Freud himself did not like the term "subconscious" because he found it too vague. He preferred the term unconscious instead. He even said critics of him who used the term revealed they never read his works! In modern, pop psychology the terms have become more or less interchangeable.

The key distinction is that using a word like "subconscious" communicates a level of control and power for the conscious over the unconscious, which Freud would disagree with. Indeed, people do not want to think that there are parts of themselves they do not know about. Much less, that these parts have their own will over and against their conscious self, and even less so that this part of us is actually the majority of our psyche!

The unconscious is like an ocean upon which sits the tip of the iceberg we call the conscious "I", "me", or "ego" (although, Freud believed that even much of the ego is not actually conscious either). Below the water, but near the surface of consciousness sits the "pre-conscious". This consists of all processes and knowledge accessible by the conscious but not in immediate awareness. The unconscious also has a censor that (half-successfully) monitors what is allowed to escape from the unconscious to see the light of day.

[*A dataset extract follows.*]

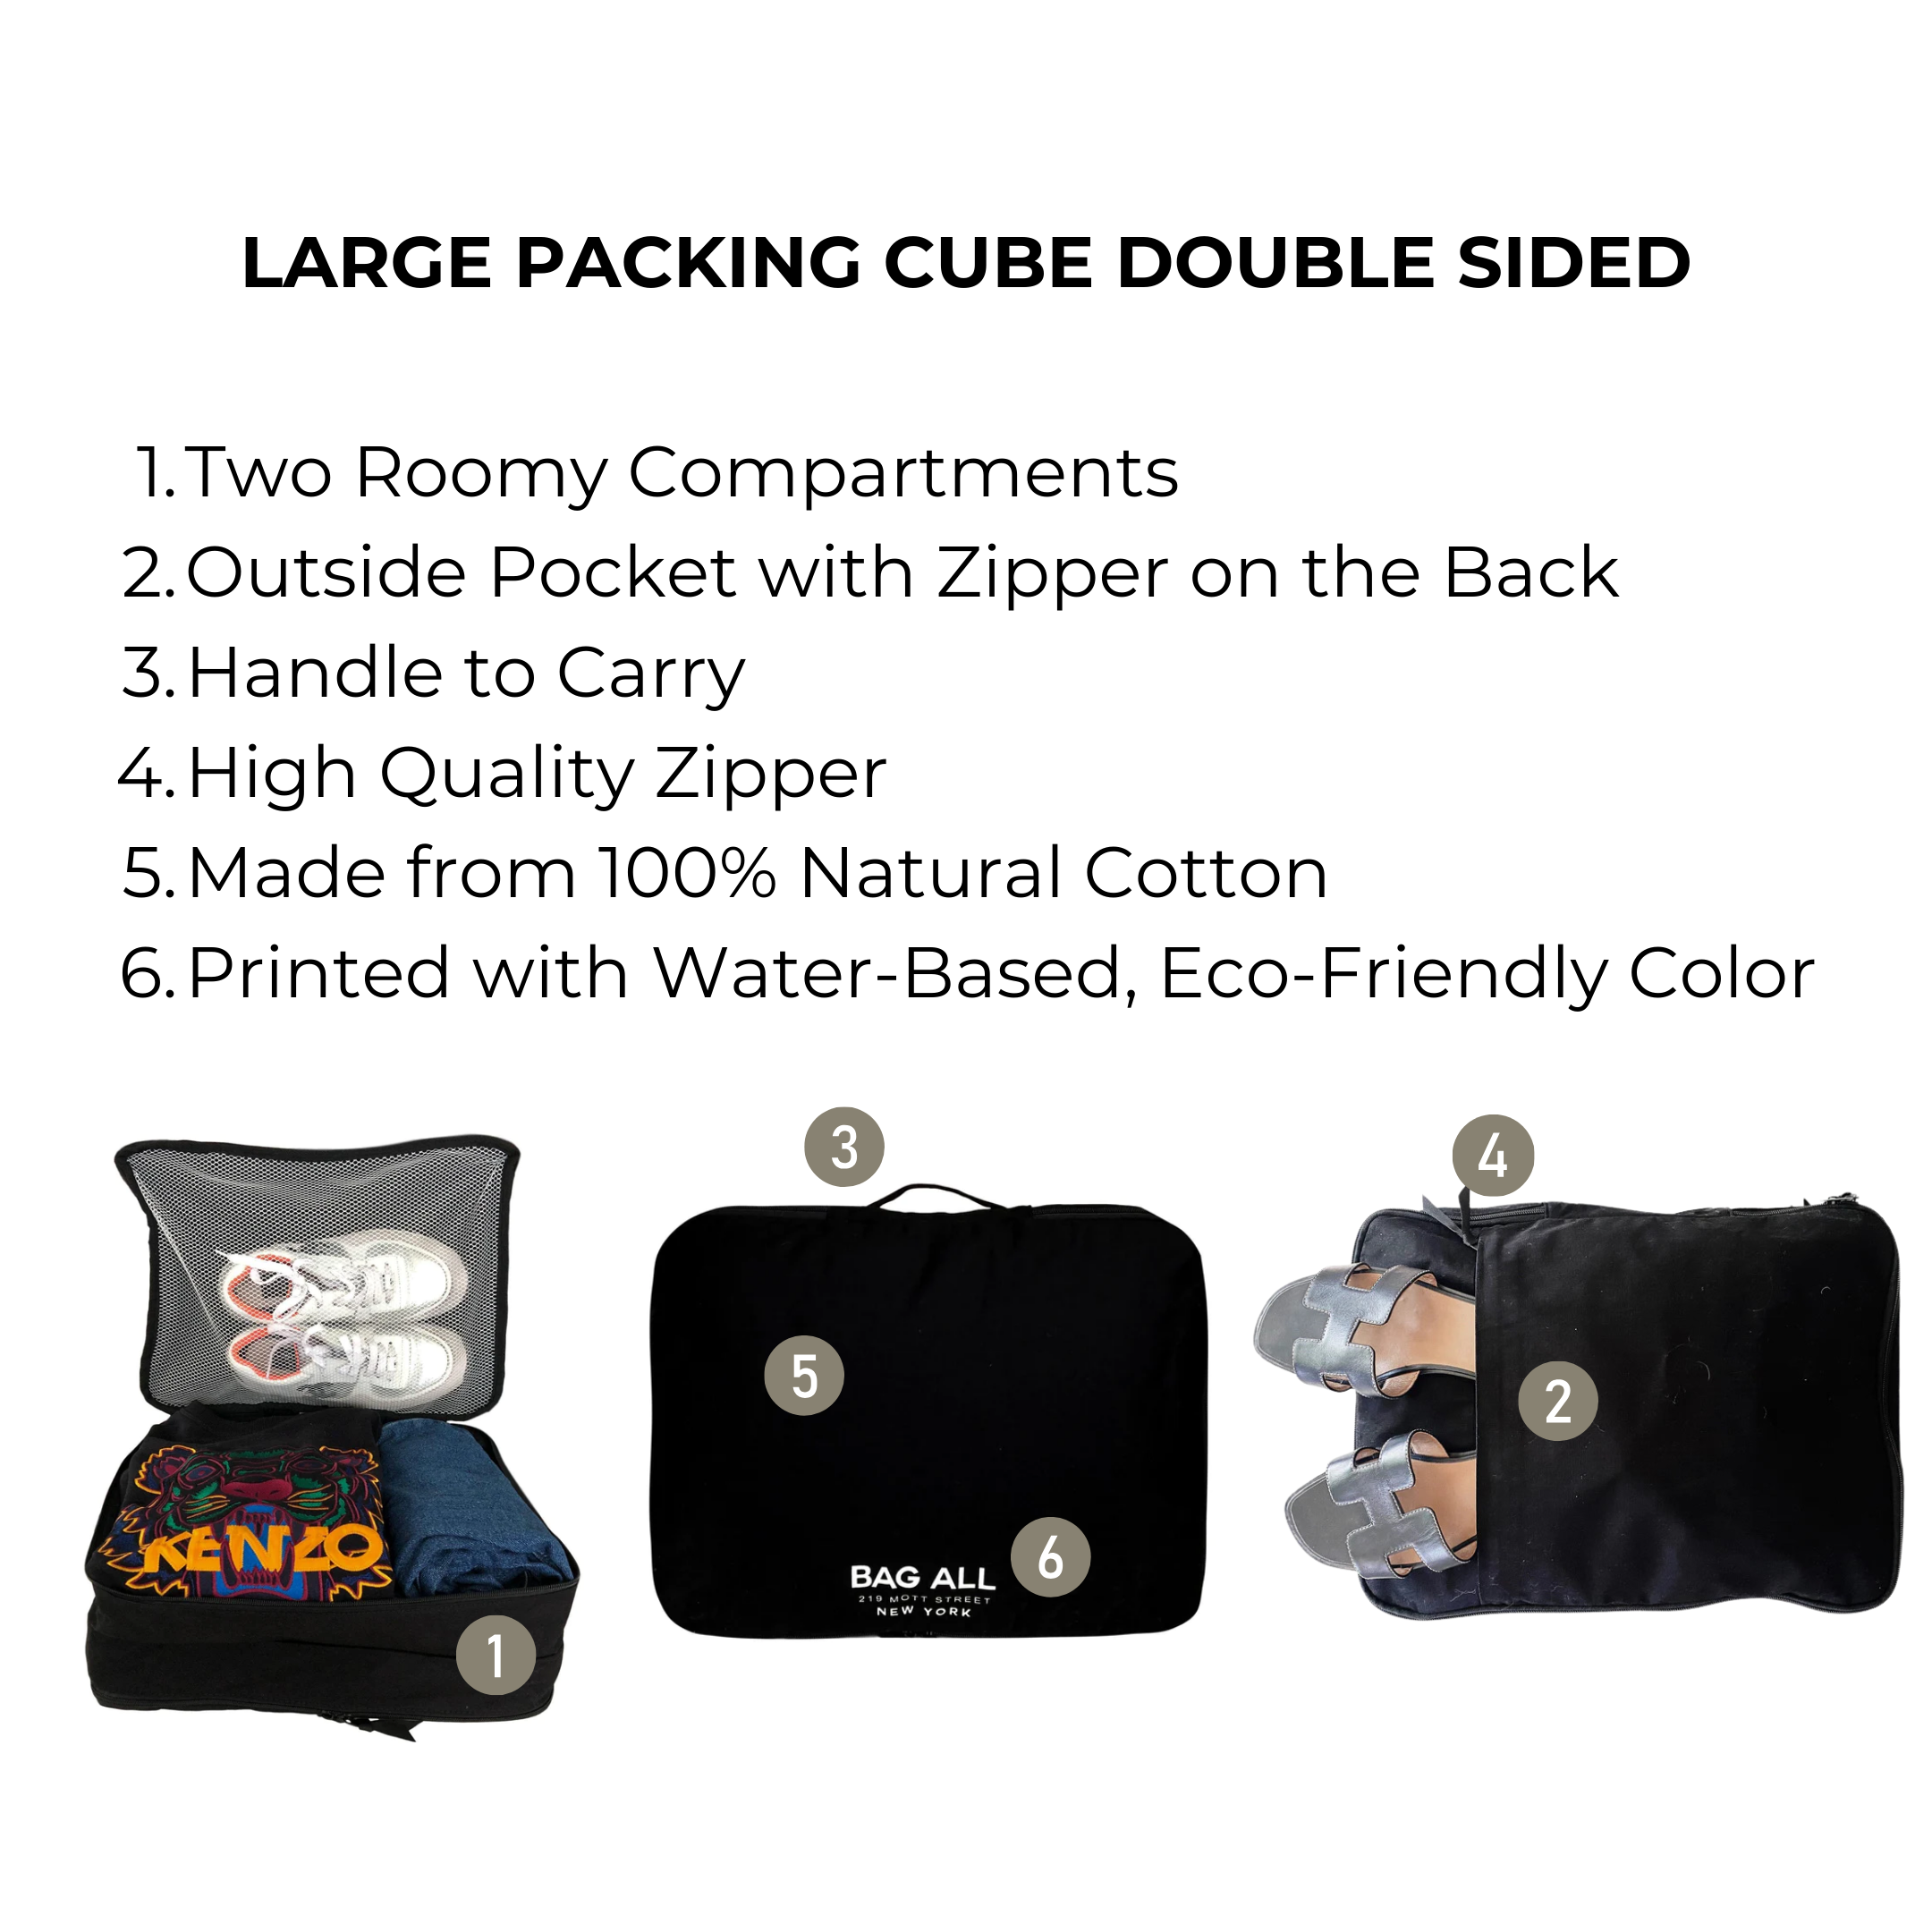 Large Packing Cube, Double Sided, Black | Bag-all

Still, these insights and feelings from the unconscious rarely come into consciousness but merely the preconscious where it may sneak out as a slip of the tongue. This is an important detail because in pop psychology people think that the unconscious is this realm of what is immediately beneath the conscious, and result in these silly and trivial mishaps. But in classical psychoanalysis the unconscious is much deeper than that.

What we witness in these little mishaps are but pinpricks letting in barely visible glimpses of light from the real resplendent star dancing about within most people’s deeper unconscious self. Art, literature, psychoanalysis, religion, and spirituality are the primary modes that humanity has developed in its history to allow access and communication with this light. All methods have their own time and season, advantages, and unique styles.

Psychoanalysis is the most methodical approach humanity has developed to access it--one might say the closest to a "science". But it is really more of an art or practice, like archaeology. The best way to access the unconscious probably involves a combination of all of these methods in a way unique to each person–but which are all funneled through the royal road of dreams.